The challenge for chemical sciences

At a recent informal meeting with three senior chemist colleagues from chemistry-based companies, I asked each to specify their views on the greatest challenge currently facing the chemical sciences in their areas. Here are the answers:

  1. Unattractiveness of chemistry to school pupils, and poor career prospects compared with other professions
  2. Unscientific regulatory frameworks as a disincentive to research
  3. Paucity of longer term funding for research and development

These are perfectly good points, but I believe that they miss the root cause. The greatest challenge facing chemistry is its image. The public perception of chemistry feeds through to governments, regulators, schools and teachers and even to funding bodies. Each of the answers provided above has dependence on the image we present.
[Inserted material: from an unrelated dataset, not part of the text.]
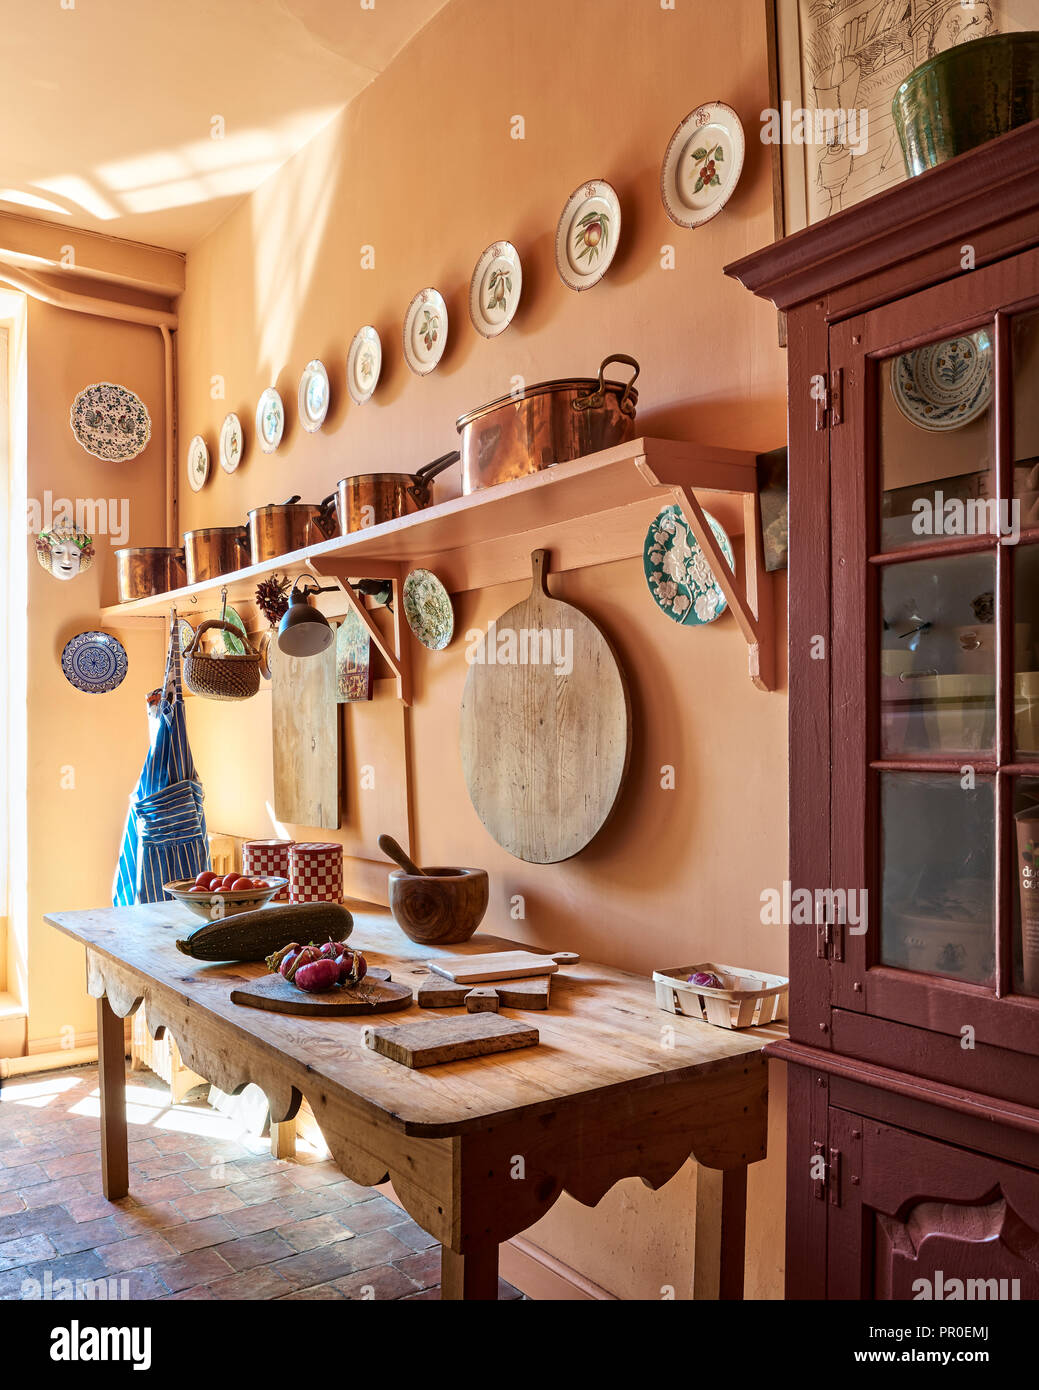 Casale rustico cucina con grande tagliere e pentole in rame Foto

In this light, we must ask what we should do about it. Personally, it is hard to think of a more worthwhile objective for academic and industry scientists than improvement of our image and reputation. I believe that learned societies have a particularly important role to play, given their abundance of independent expertise.

It is encouraging to note that the RSC is increasingly active in the public, education, media and government arenas, and that the current strategy addresses some of these issues. However, there is much more that should be done to support this objective, given its critical influence on future progress in chemistry.

There is something to which we can all contribute now - 2011 has been declared the International year of chemistry with major emphasis on the interests of the public and young people. Whereas the initiative is sponsored by Iupac and Unesco, the onus falls on individual countries to organise events and materials.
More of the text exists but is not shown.